Among fossil energy sources, the most important is coal, which is found and has relatively large reserves in many countries of the world, including Vietnam. According to [3], coal will continue to play a crucial role in the global energy sector. Large reserves are not exploited or planned to be extracted in Vietnam [4], as the coal is of relatively low quality compared to the coal grades available on the global market. The share of imported coal is increasing, and dependence on the global coal market is growing. Oil is currently not used as an energy source; gas is imported.
Considering the shortage of fossil energy sources and modern global trends (the transition to green energy, which helps reduce greenhouse gas emissions into the environment), it is necessary to diversify the energy sources used by Vietnam’s energy system. Coal generation produces the highest carbon dioxide emissions compared to other sources, which requires the introduction of “clean coal” technologies and the reduction or abandonment of coal generation. On the other hand, the insufficient quantity and quality of Vietnamese coal and difficult mining and geological conditions [4,5] stimulate the priority use of other (renewable) energy sources.
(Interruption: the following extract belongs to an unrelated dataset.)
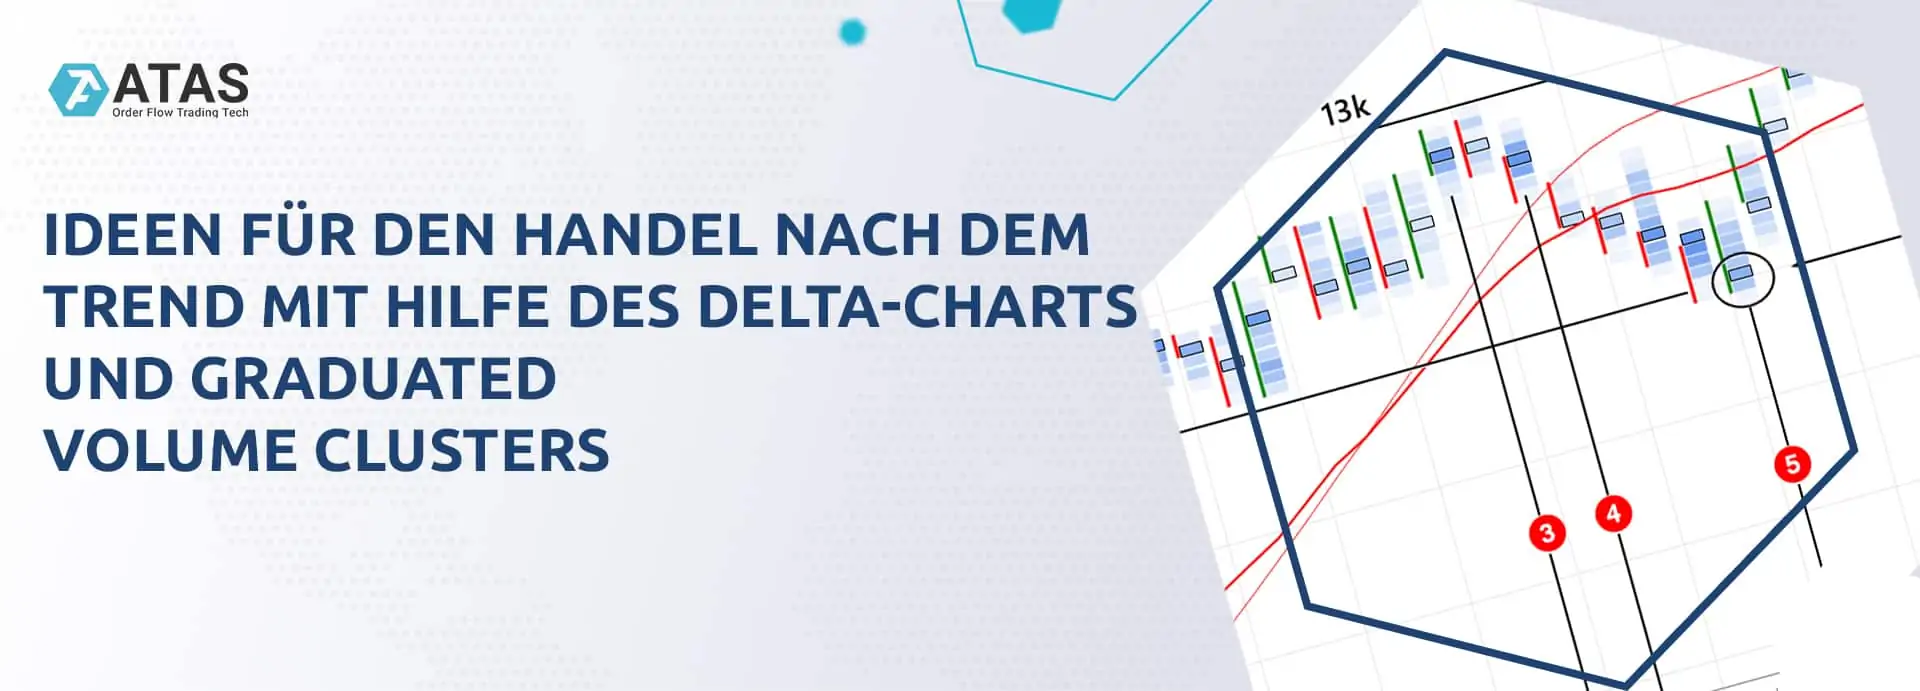 Ideen für den Handel nach dem Trend mit Hilfe des Delta-Charts und Graduated Volume Clusters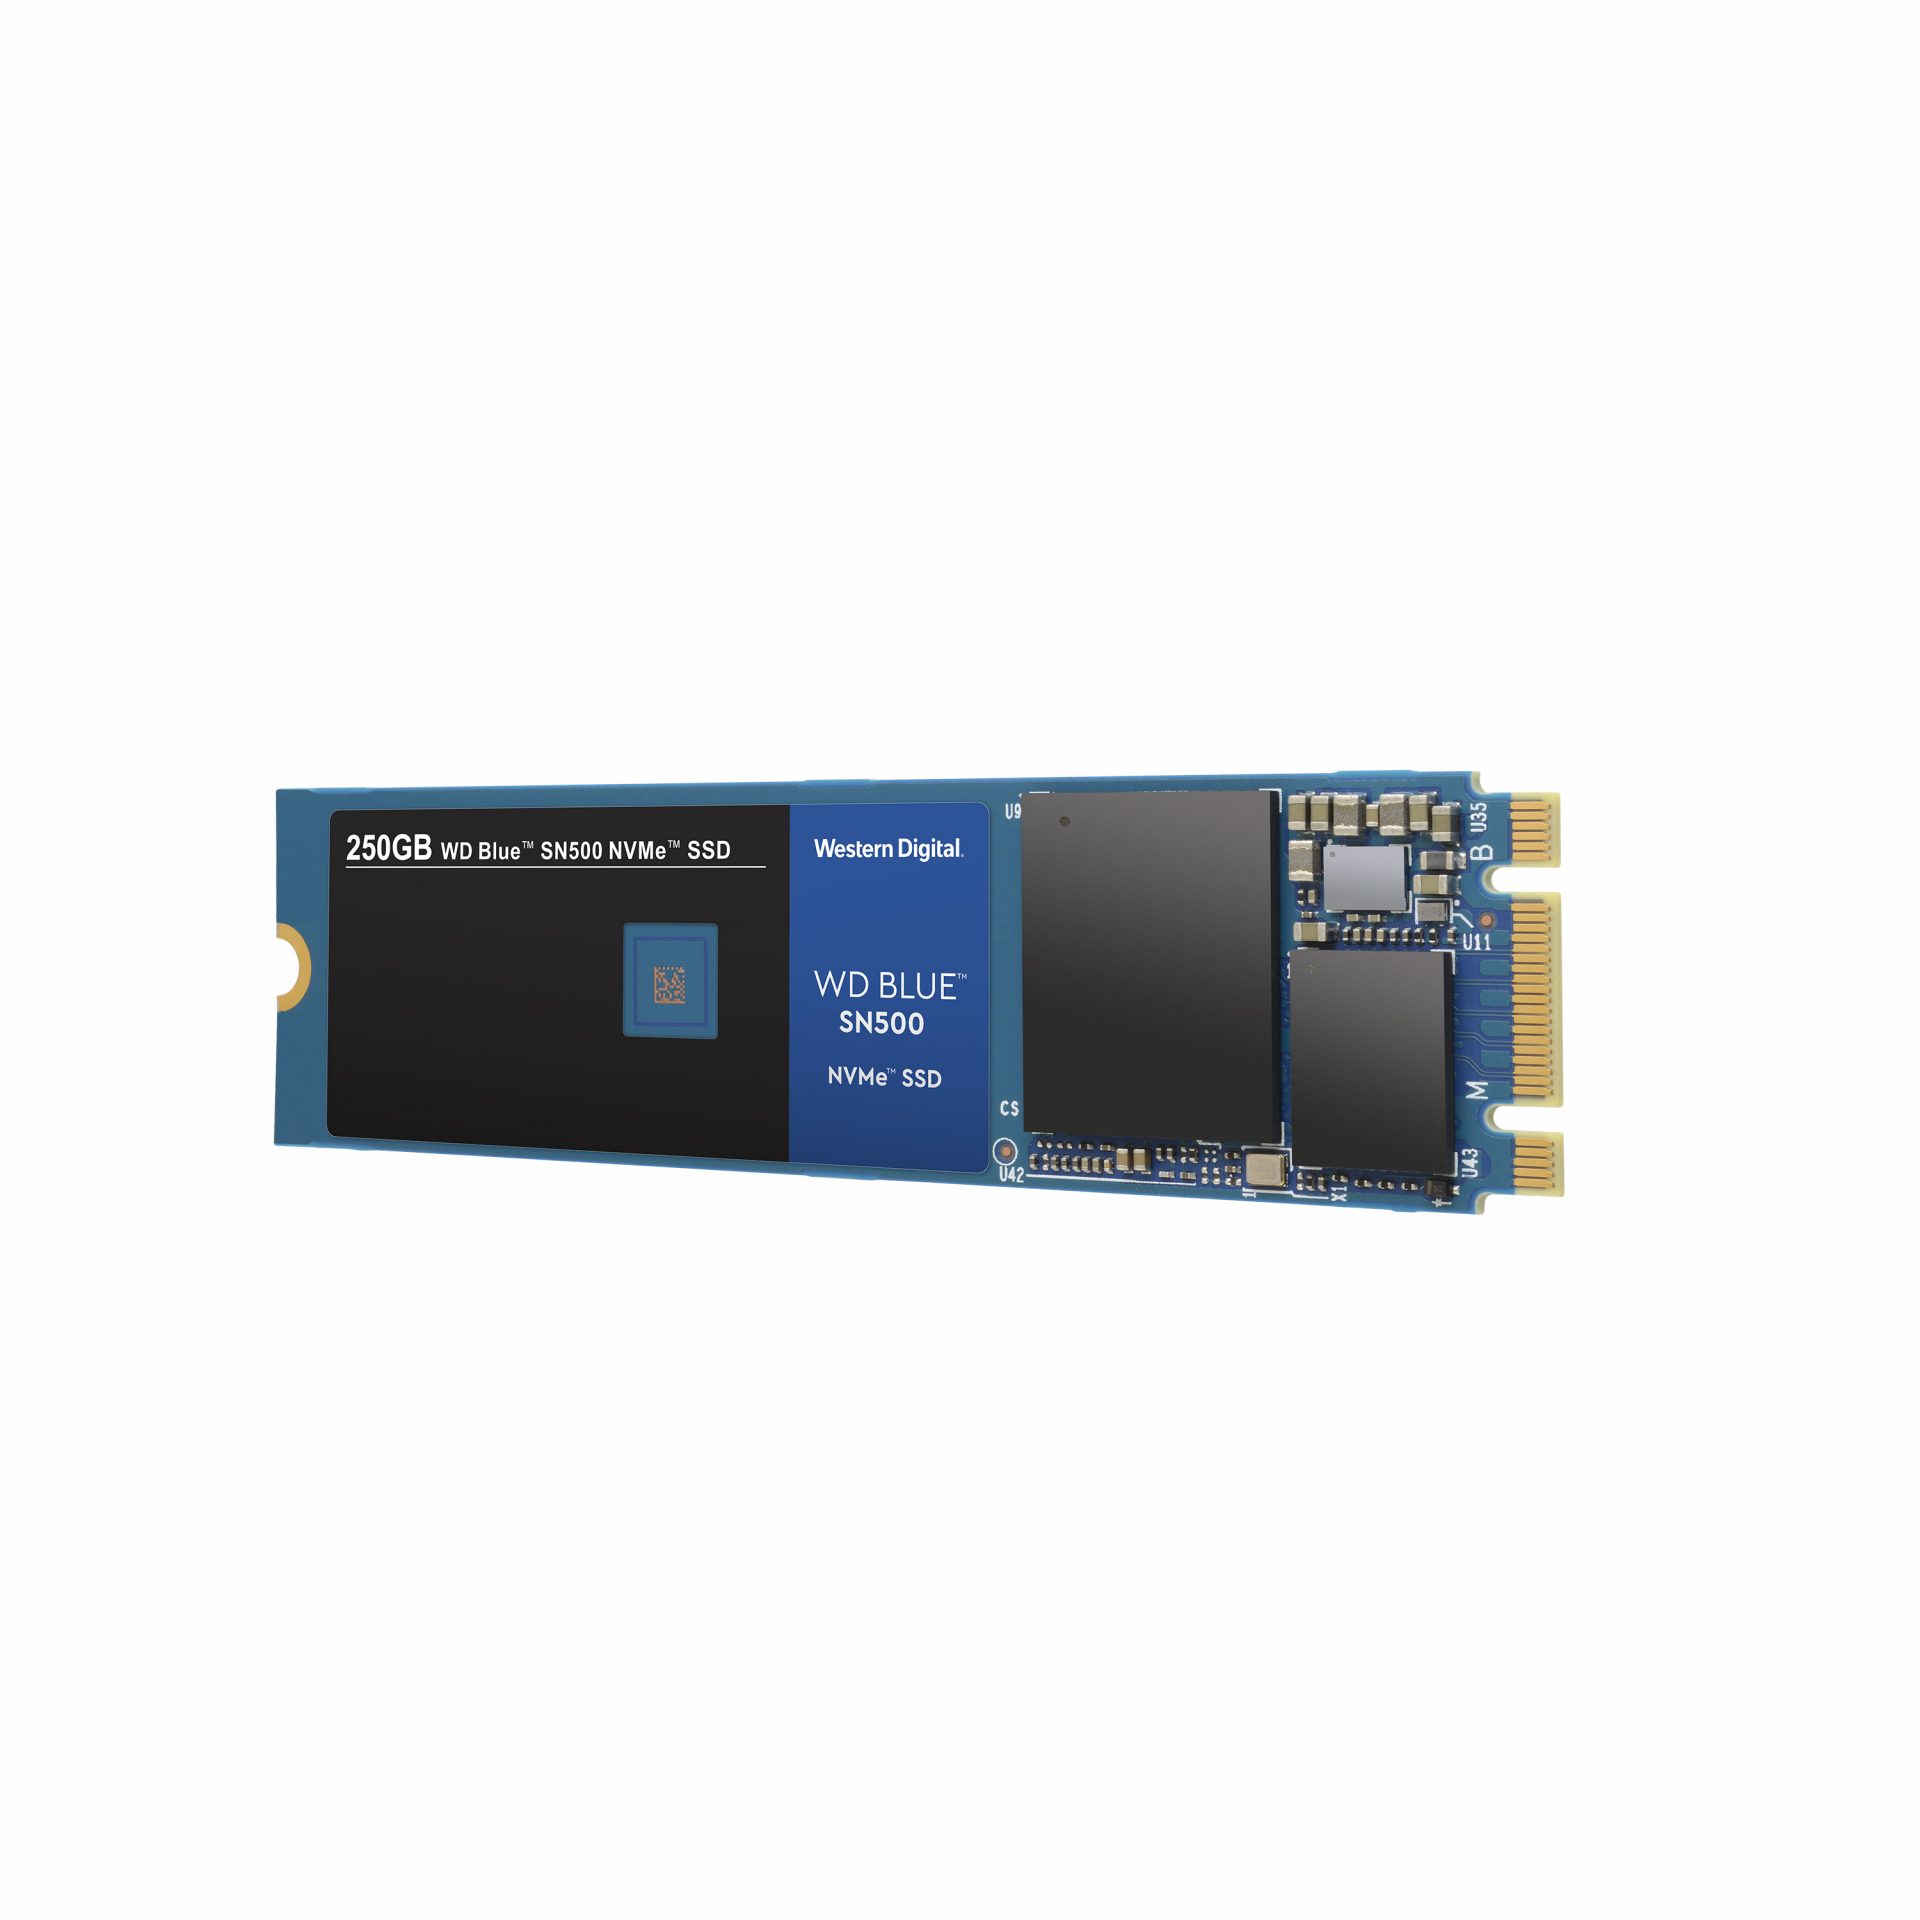 “WD Blue SSD” รุ่นใหม่ รองรับการใช้งานบน NVMe เร็วกว่า SATA ถึง 3 เท่า

It should be noted that the economic growth rate in Vietnam is approximately 6–7% per year, which requires solving the problem of a corresponding increase in energy needs.
As a financing mechanism, Just Energy Transition Partnerships (JETP) [6] can be used. In such a partnership, wealthy nations fund a coal-dependent developing nation to support the country’s own path to phase out coal and transition towards clean energy while addressing the social consequences. JETPs aim to bridge the gap between developed and developing nations in moving towards clean energy. South Africa, Indonesia, and Vietnam are the first three countries to receive funding. This research also helps managers and the Vietnamese government have a deeper theoretical foundation for planning action strategies and serves as the basis for choosing green energy sources to be prioritized for more feasible investment.
The purpose of the study is to substantiate the possibilities of transitioning to green energy in the context of Vietnam, considering both the rate of economic growth, the scarcity of fossil energy resources, the SDGs, and the energy trilemma domain.
The goals set in the study are as follows:
Identify the factors contributing to the gradual replacement of fossil energy with renewable energy sources;
Economically justify the directions for the development of the energy sector in Vietnam, considering energy source diversification and the transition to renewable energy sources.

2. Materials and Methods

The analysis of statistical data and government planning documents in this study involves summarizing the latest reports from the Vietnam Electricity (EVN), coal businesses, and the General Statistical Office of Vietnam. Additionally, it encompasses examining documents within the national regulation system pertaining to renewable energy sources.
The research methodology includes the following components:
The authors developed GDP forecasts until 2050 based on the State Plan for Economic and Social Development for the 5-year period from 2021 to 2025 (, accessed on 20 January 2024). Analytical studies were conducted for four scenarios, with a preference for the “growing well” scenario. Based on this scenario, the study assessed forecasted energy consumption until 2050 across three options (low, medium, and high).
An analysis was conducted on Vietnam’s energy mix in 2023, including the examination of power plant capacities and the volume of energy production from fossil sources (coal, gas, oil) and renewable sources (hydropower, solar energy, wind energy, biomass energy).
The study analyzed indicators of the country’s energy system in alignment with the energy trilemma (energy security, energy equity, and environmental sustainability).
Forecasts were generated for the volume of energy consumption and the structure of energy supply from various sources, with a particular focus on renewable energy sources.
Recommendations were formulated for Vietnam’s sustainable energy development plan for the period 2023–2050, considering the growth of green energy and the reduction of the share of fossil sources.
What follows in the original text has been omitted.